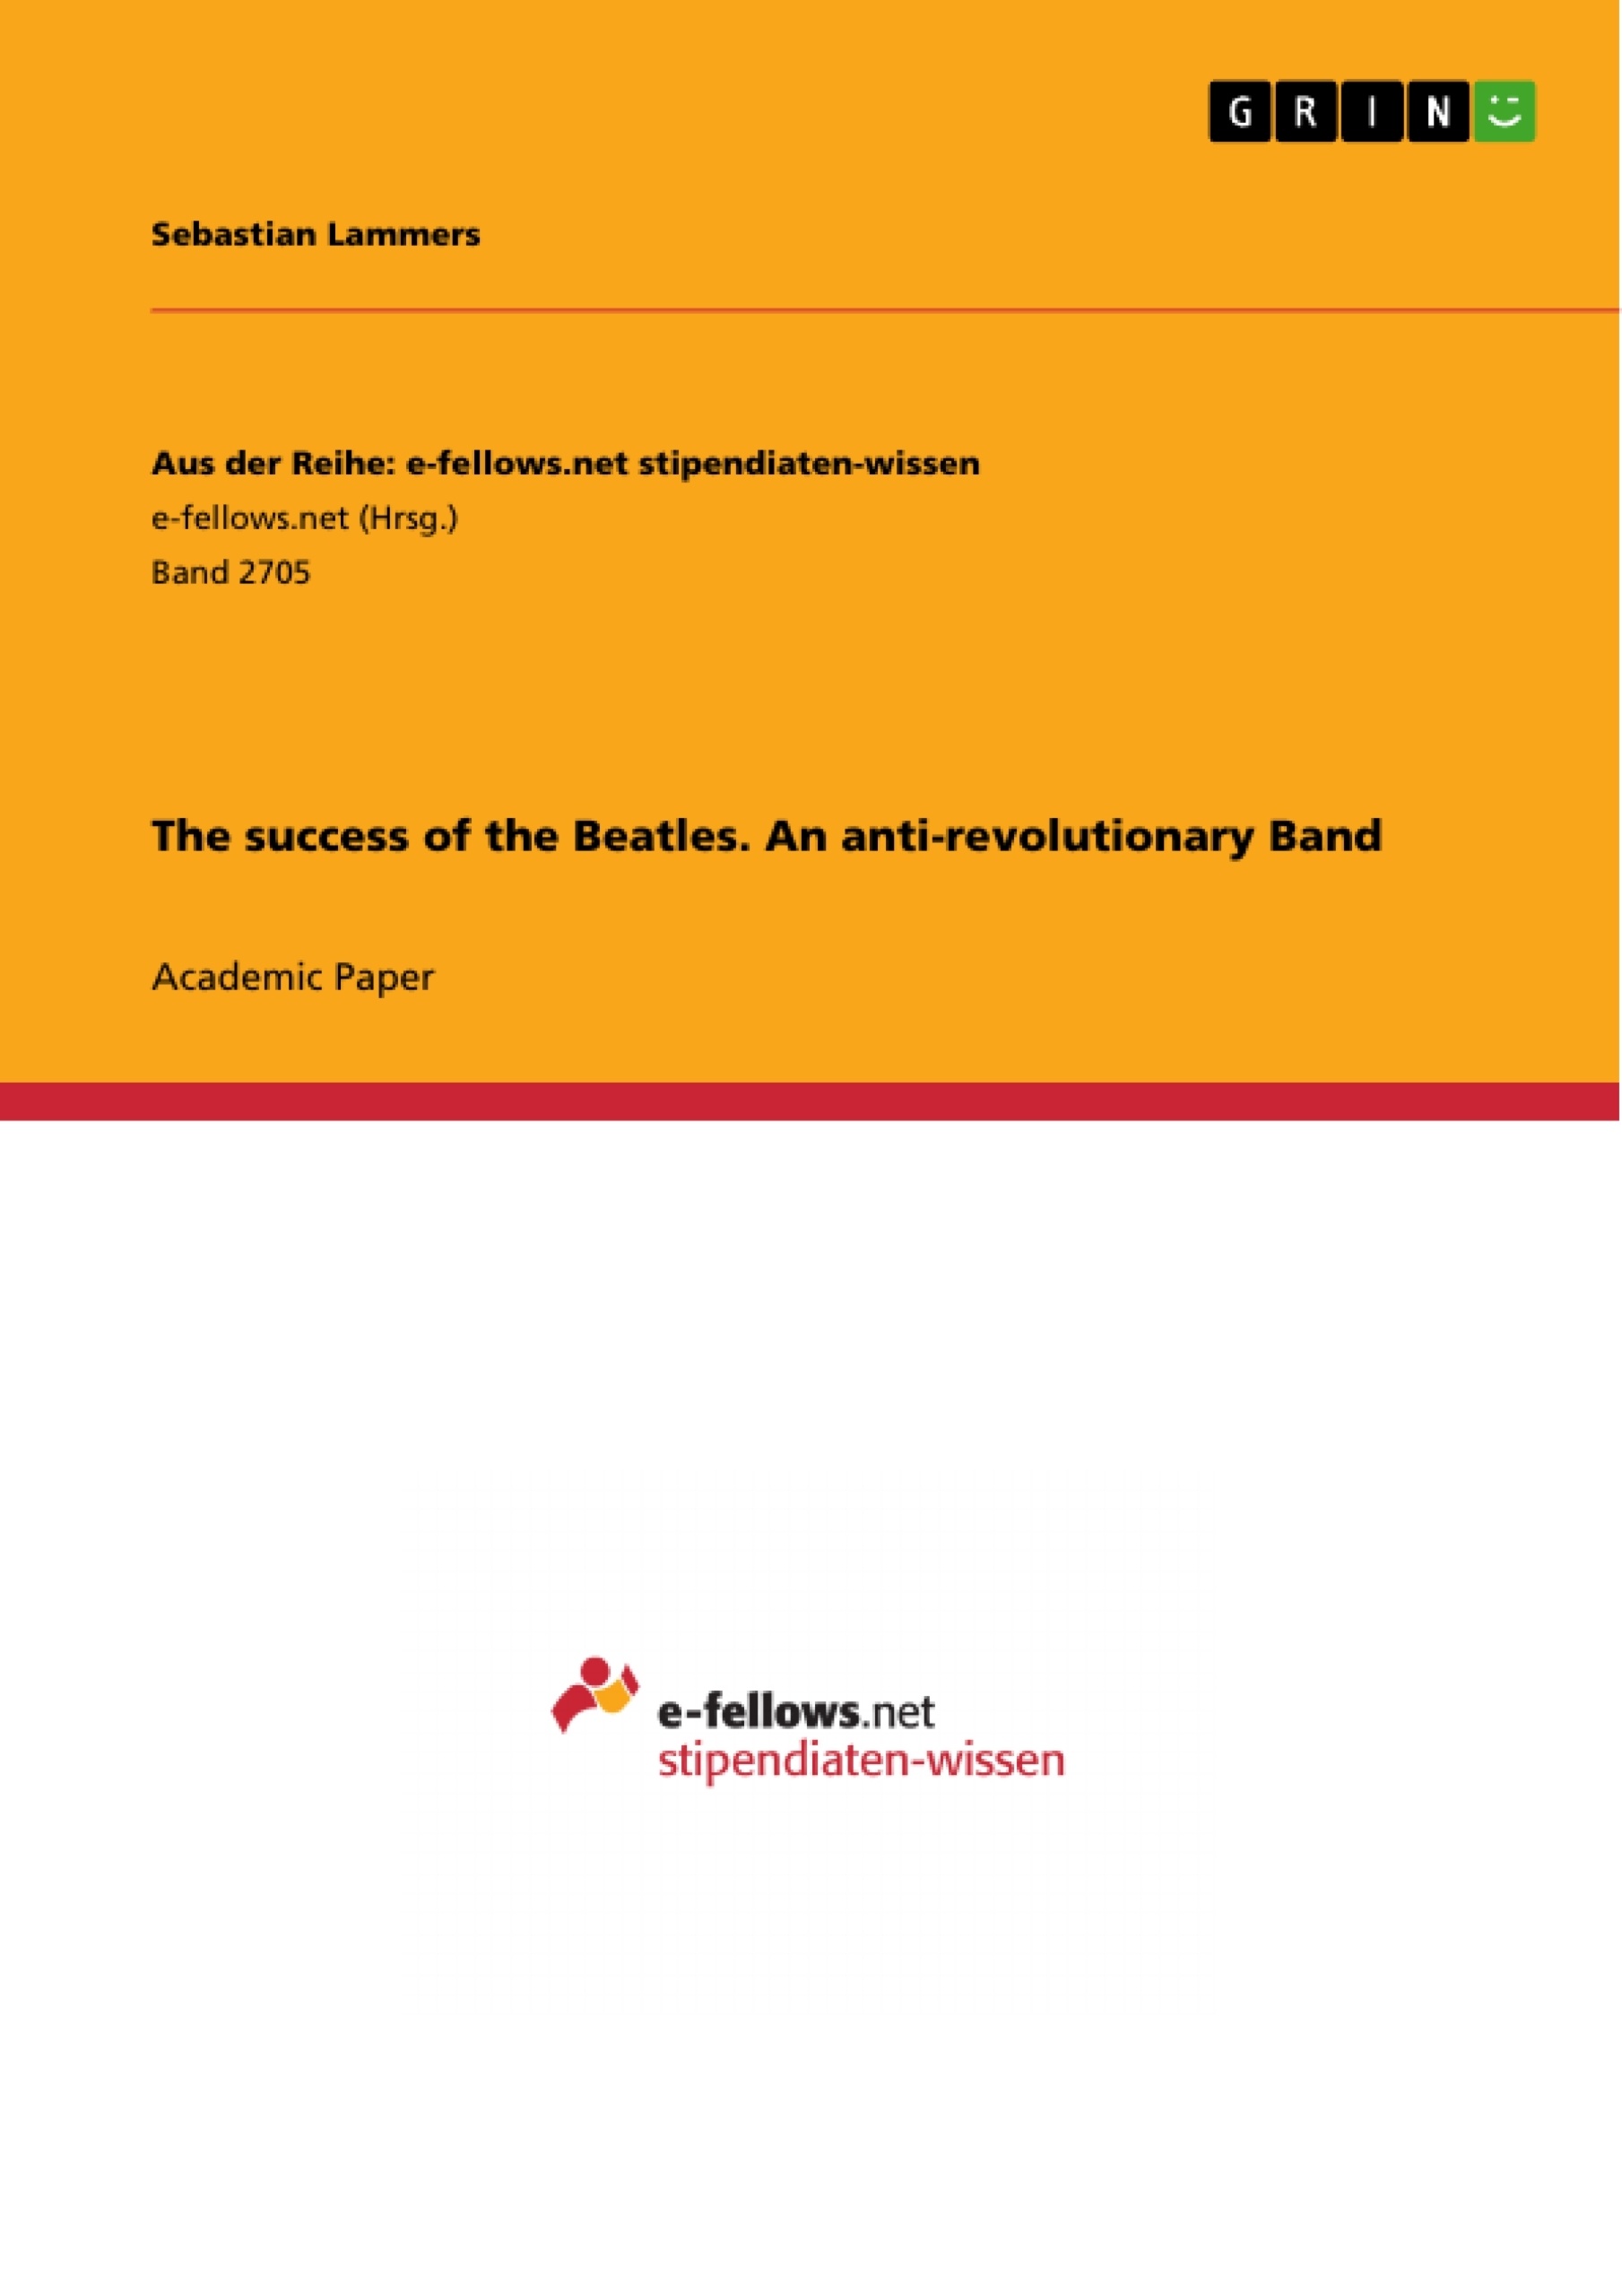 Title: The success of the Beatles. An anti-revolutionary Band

---*---

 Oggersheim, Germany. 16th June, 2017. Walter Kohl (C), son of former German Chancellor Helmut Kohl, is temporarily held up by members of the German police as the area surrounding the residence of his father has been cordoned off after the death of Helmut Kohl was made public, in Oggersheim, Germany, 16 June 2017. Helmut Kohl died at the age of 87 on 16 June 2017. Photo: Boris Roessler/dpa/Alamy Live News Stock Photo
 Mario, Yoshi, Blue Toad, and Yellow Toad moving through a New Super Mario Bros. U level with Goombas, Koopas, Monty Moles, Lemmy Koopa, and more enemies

---*---

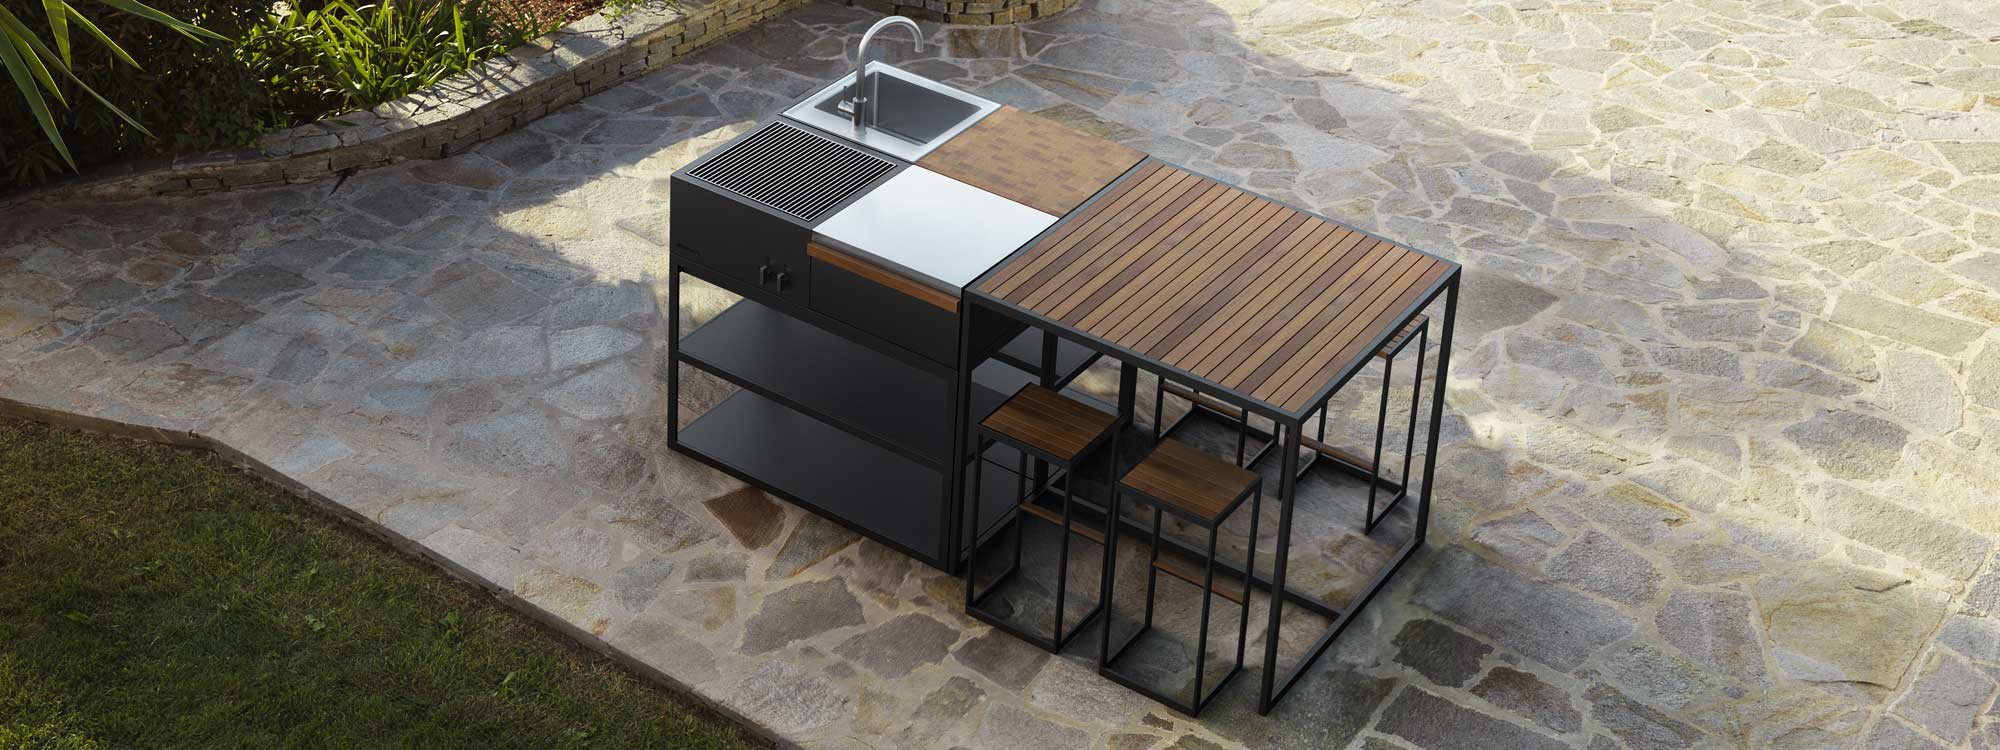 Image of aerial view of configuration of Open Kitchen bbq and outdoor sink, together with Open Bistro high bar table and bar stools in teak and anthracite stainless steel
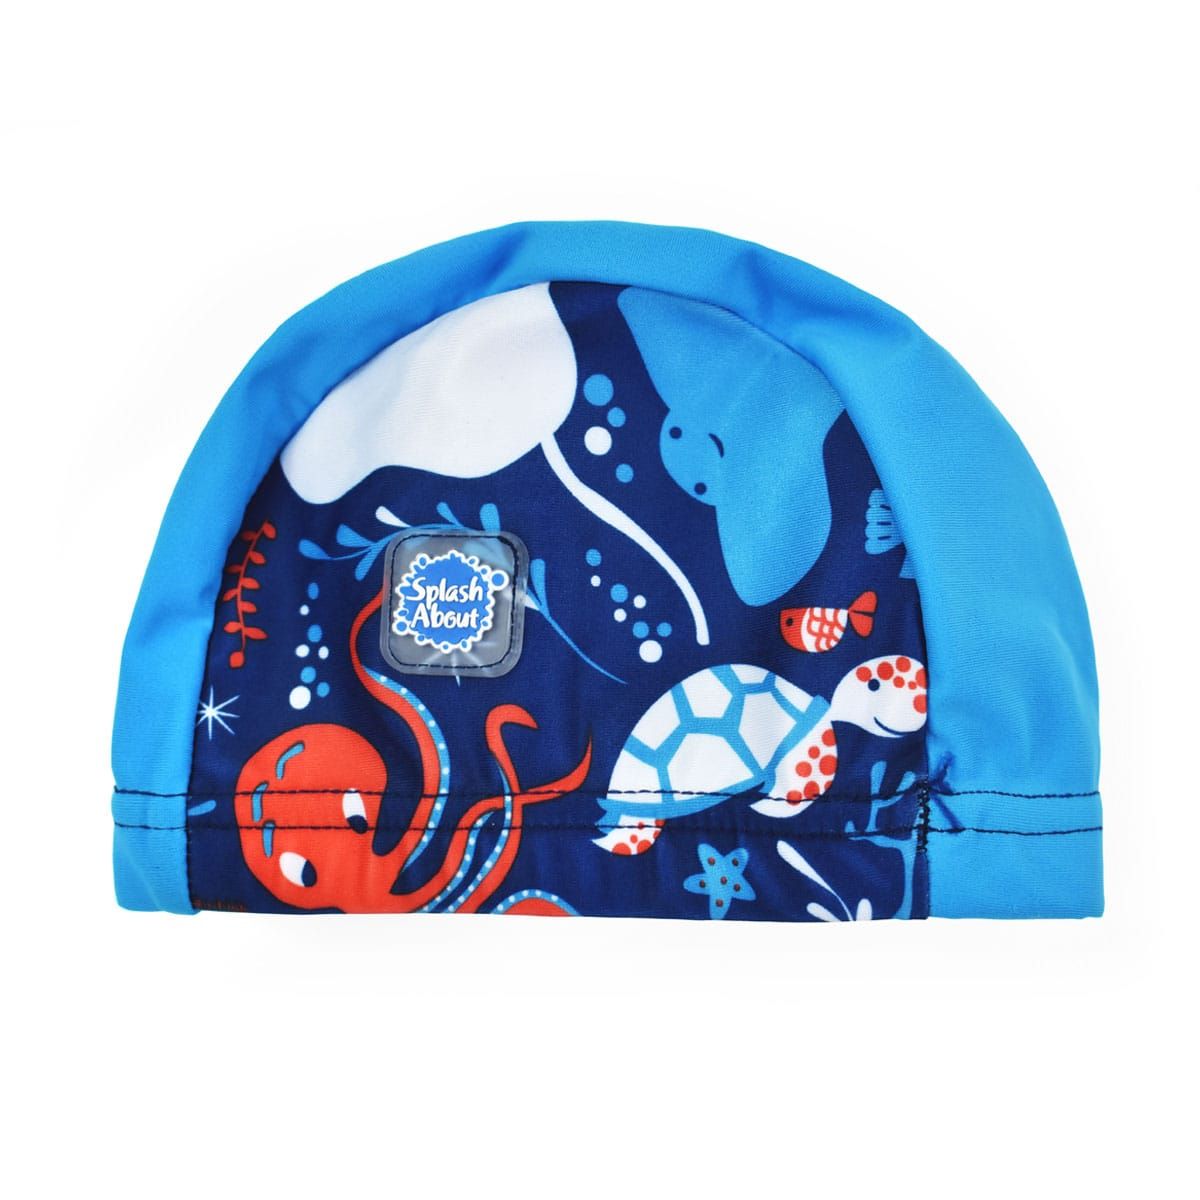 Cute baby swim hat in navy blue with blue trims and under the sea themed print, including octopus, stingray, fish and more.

---*---

Word for word, restate the lines of the data above that fall between the line holding "Oggersheim, Germany. 16th" and the line holding "Mario, Yoshi, Blue", inclusive, and no other lines.

 Oggersheim, Germany. 16th June, 2017. Walter Kohl (C), son of former German Chancellor Helmut Kohl, is temporarily held up by members of the German police as the area surrounding the residence of his father has been cordoned off after the death of Helmut Kohl was made public, in Oggersheim, Germany, 16 June 2017. Helmut Kohl died at the age of 87 on 16 June 2017. Photo: Boris Roessler/dpa/Alamy Live News Stock Photo
 Mario, Yoshi, Blue Toad, and Yellow Toad moving through a New Super Mario Bros. U level with Goombas, Koopas, Monty Moles, Lemmy Koopa, and more enemies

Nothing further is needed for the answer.